I have the same issue with the chain noise over the upper guide. Another friend of mine has the same issue. The material used is hard plastic and I cannot get rid of the noise. I have attempted to replace it with a sealed bearing pulley, hoever this put both pulleys to close together and causes the chain to bind. I next attempted to use an MRP DH pulley but this was to large and two wide and hit the spokes. I guess this is what I get for attempting a Full Suspension SS.


----------



## Cycledelic (Oct 13, 2004)

thanks for sharing your experience swapping out the pulley. That idea crossed my mind, but it sounds like it doesn't offer any significant benefit over the system as is.

one thing I'm noting as I increase the miles is that the chain occasionally gets thrown off the jockey wheel. This may be a factor of chain stretch or loosening springs in the pulley mechanism.

one thing I did try was to swap the jockey for a worn-in one off an old derailleur.

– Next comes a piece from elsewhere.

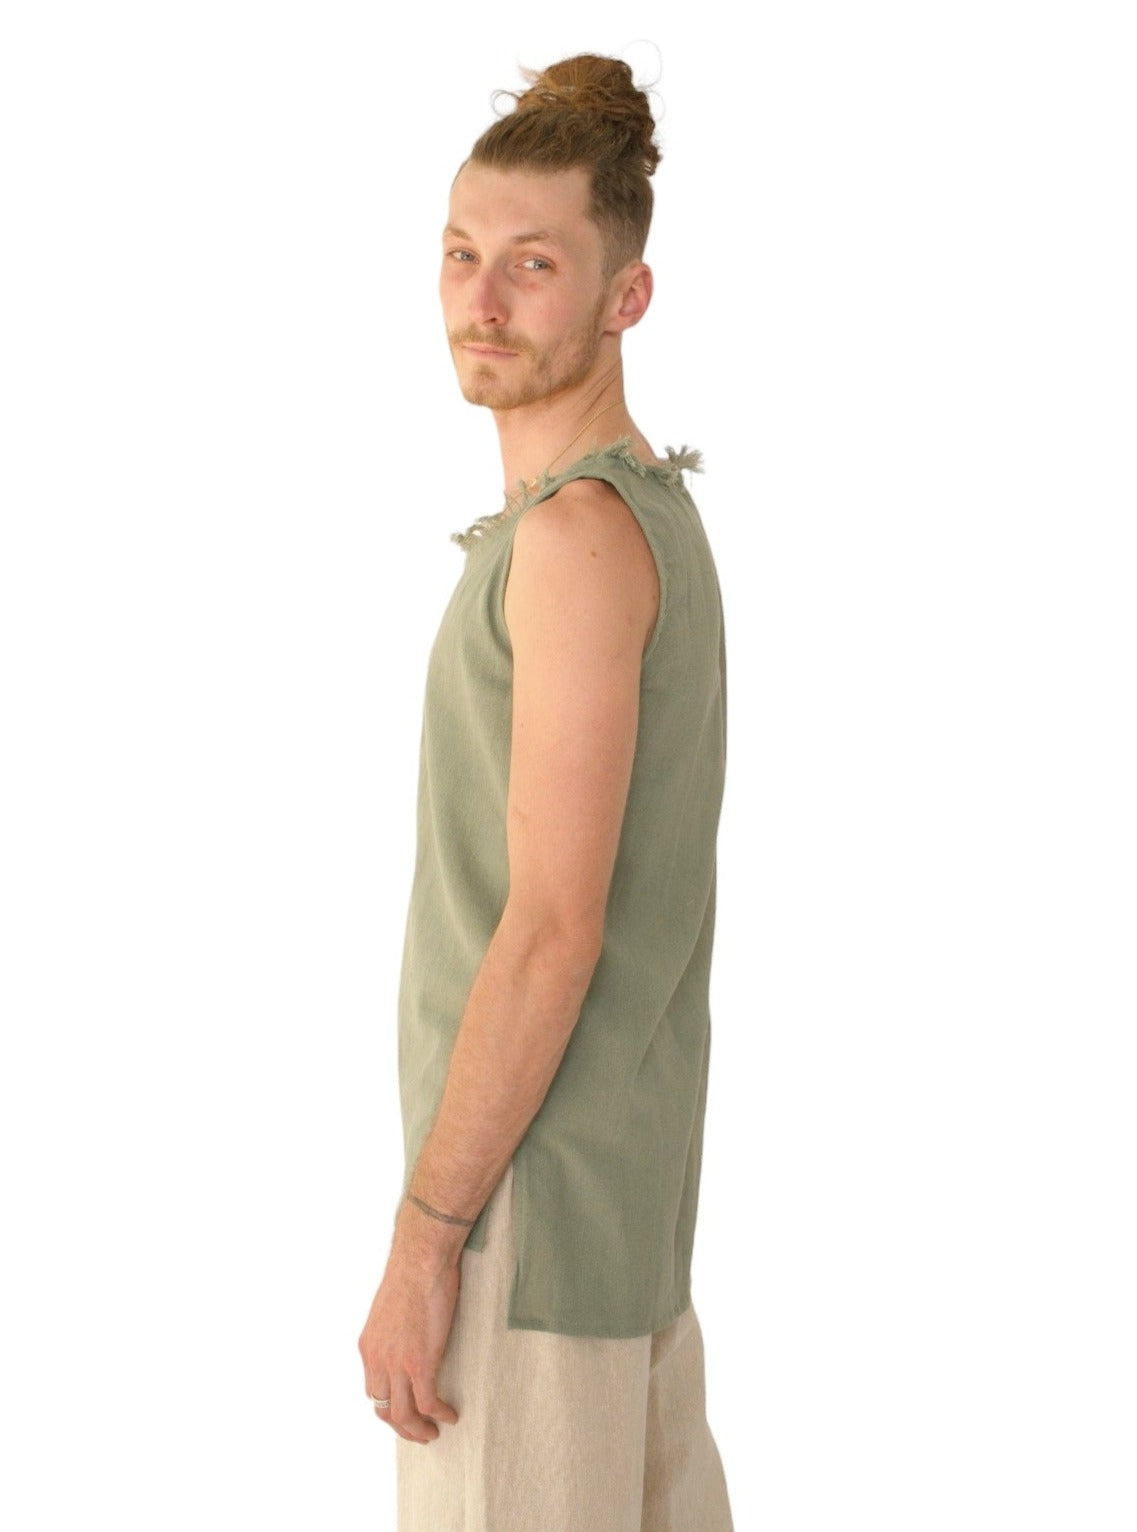 Men's Organic Cotton Sleeveless Shirt in Green Sage

I thought that perhaps the included wheel was intended for ss-specific chains. this seemed to make a slight difference in noise, but might also be contributing to the chain-throw issue.

now that i have a contusion on my rib i'll have plenty of time to wrench around and see whether i can get any improvement.

in the meantime, here's a little video of the system in motion. pay no mind to the lil' grom in the corner.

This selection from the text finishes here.